While Meredith recovered, a group of prominent civil rights leaders, including Martin Luther King and Stokely Charmichael, took over the march, growing it to thousands of people. Flonzie Brown Wright, known as Flonzie Goodloe back then, worked for the NAACP. She recalls receiving a phone call from King to organize a place to stay and food for thousands of marchers when they came to Canton.
“When I hung up the phone, that’s when I became real nervous. But who’s going to tell Dr. King no. Because I knew they had been on this march for a number of days, in June, in the hot sun. So certainly, if I can do something in my hometown of Canton to relieve them, to be sure that they had food, housing, then of course I was honored to do that.”

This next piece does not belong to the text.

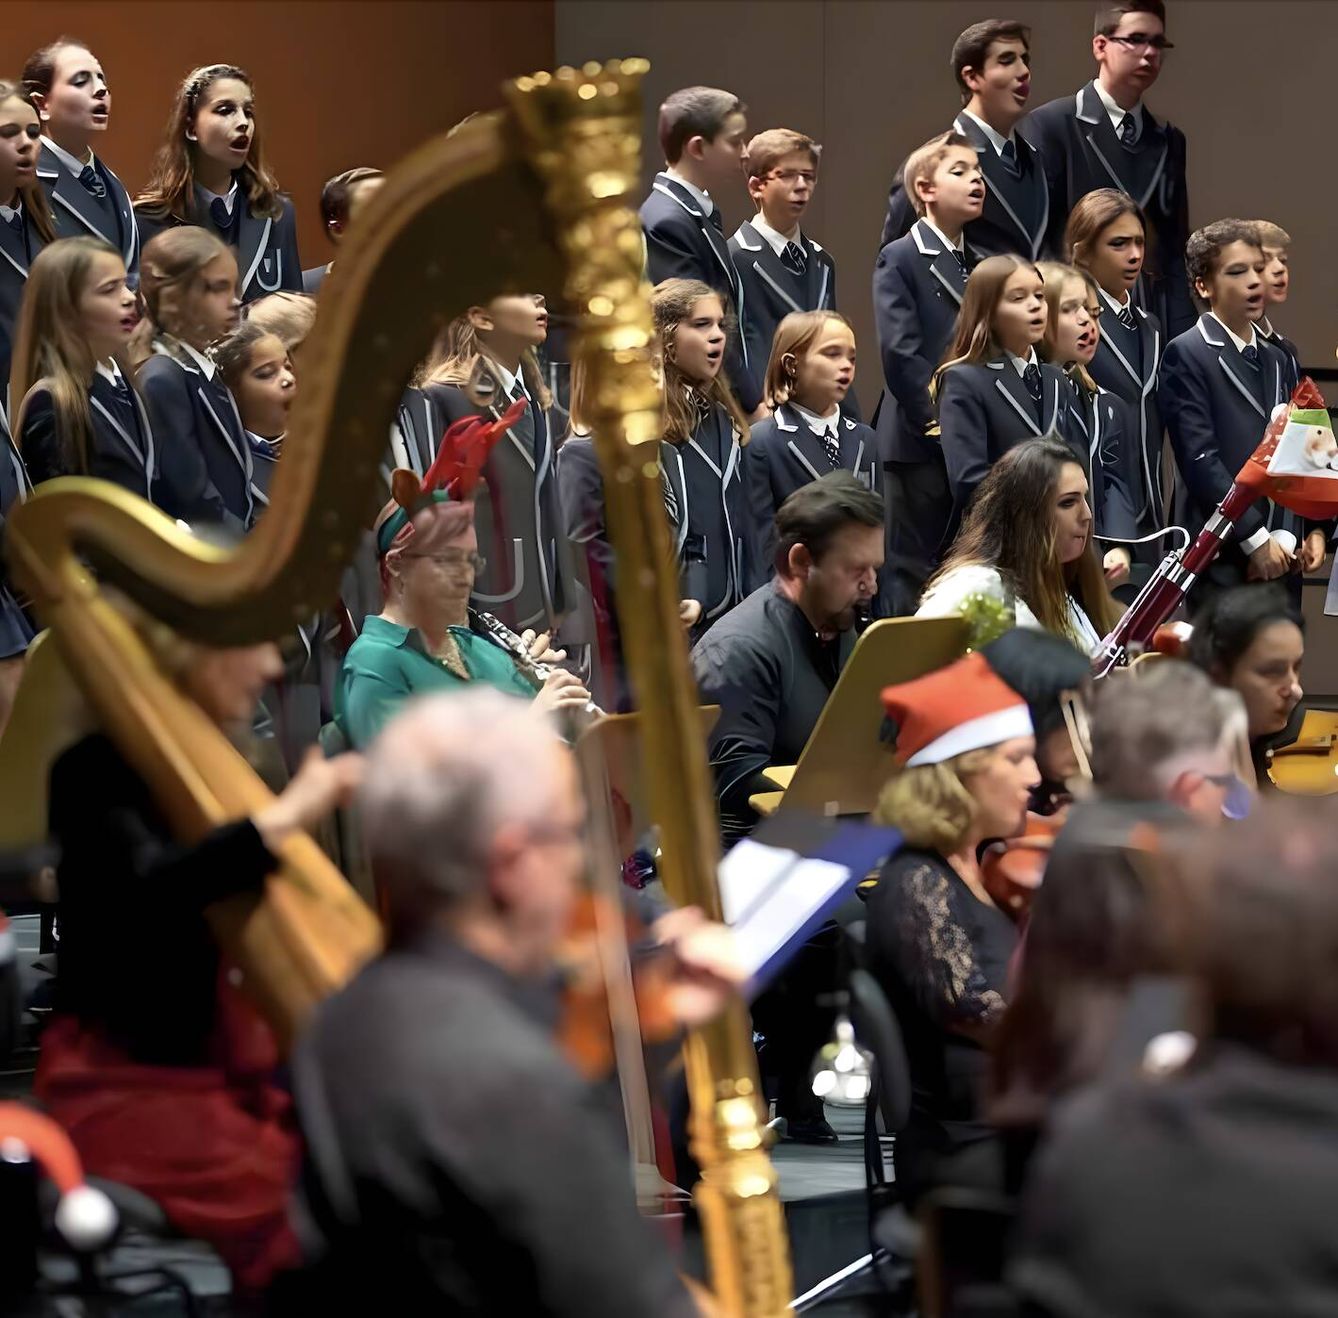 La orquesta sinfónica entona ritmos festivos en sus conciertos navideños estos días. (Cortesía)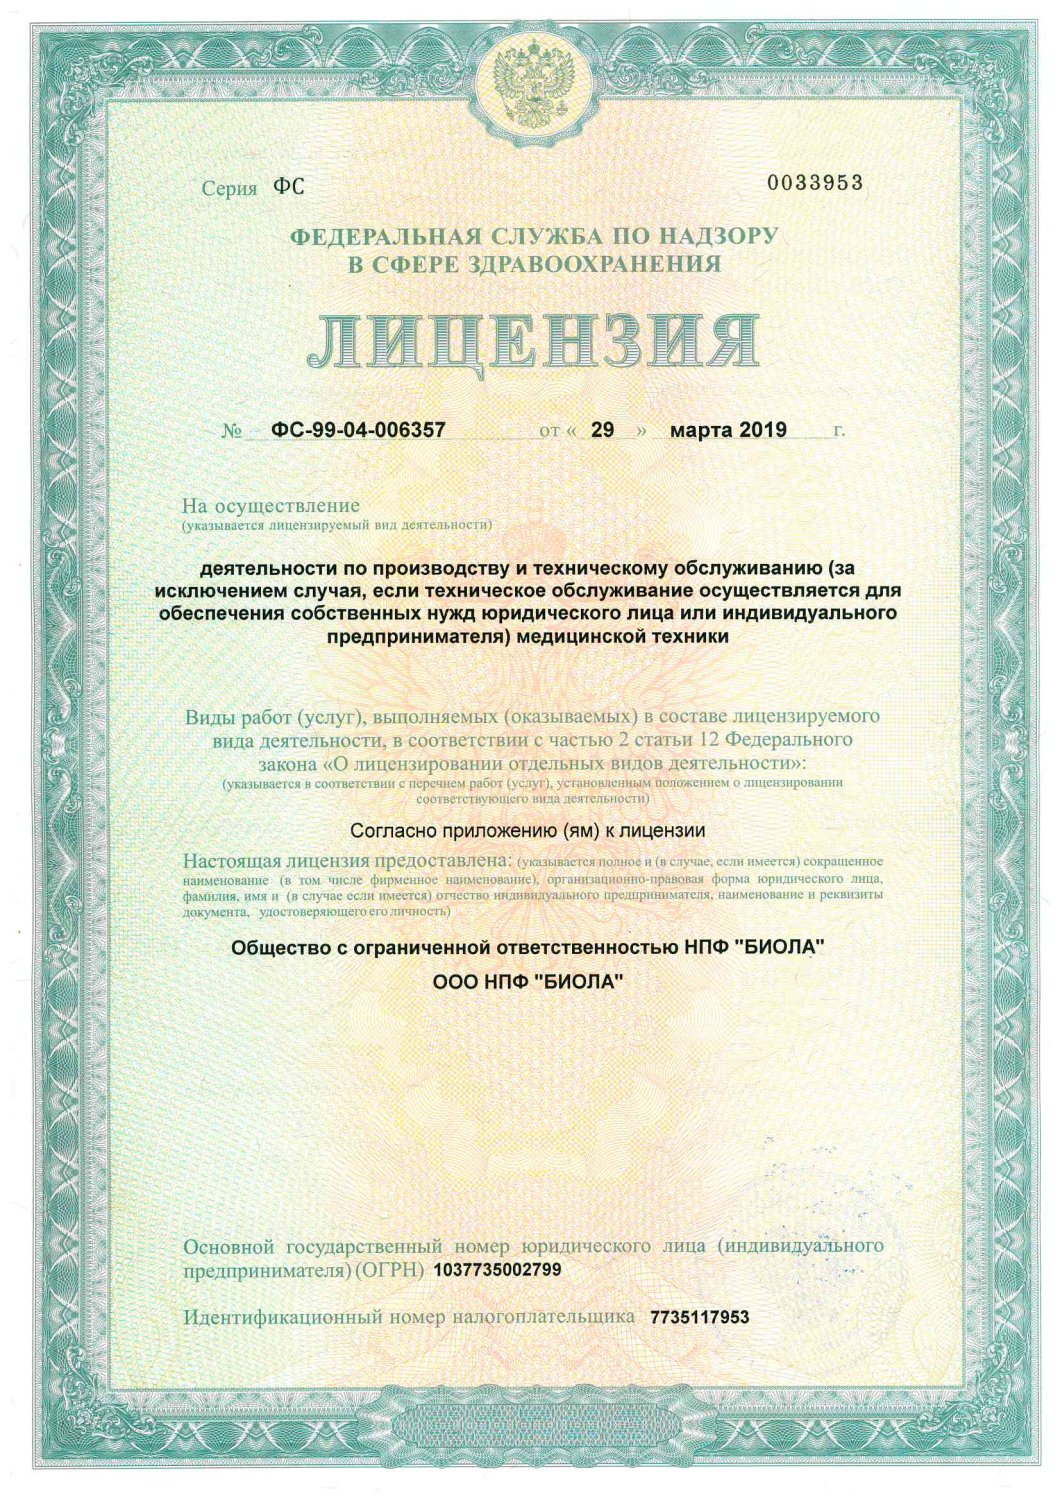 Лицензия деятельности по производству и техническому обслуживанию медицинской техники

History professor Goudsouzian says King and Carmichael were friends, but had conflicting perspectives. He says the march was a pivotal point for the civil rights movement.
“It is the last great last mass march of the civil rights movement. The last time where major civil rights organizations come together, participate in a long sustained demonstration that attracts national attention, and becomes a political lobbying tool. It’s a beginning in the sense that it births the slogan of “black power”, and helps to launch a slogan that is both controversial in terms of inviting a white backlash, but also empowering for many African-Americans.”
Meredith rejoined the march near the end, three weeks after the shooting.
“There’s two names most connected to the Meredith March Against Fear as it is known. Stokley Carmichael. You think of “black power.” Martin Luther King. You think of “I have a dream.” My wish, when people think of James Meredith they think of good and right.”
Several entertainers, including Sammy Davis Jr., Marlon Brando, and James Brown, also participated in a rally along the march at Tougaloo College. The march concluded in Jackson on June 26, 1966. More than 4,000 blacks registered to vote during those three weeks in Mississippi.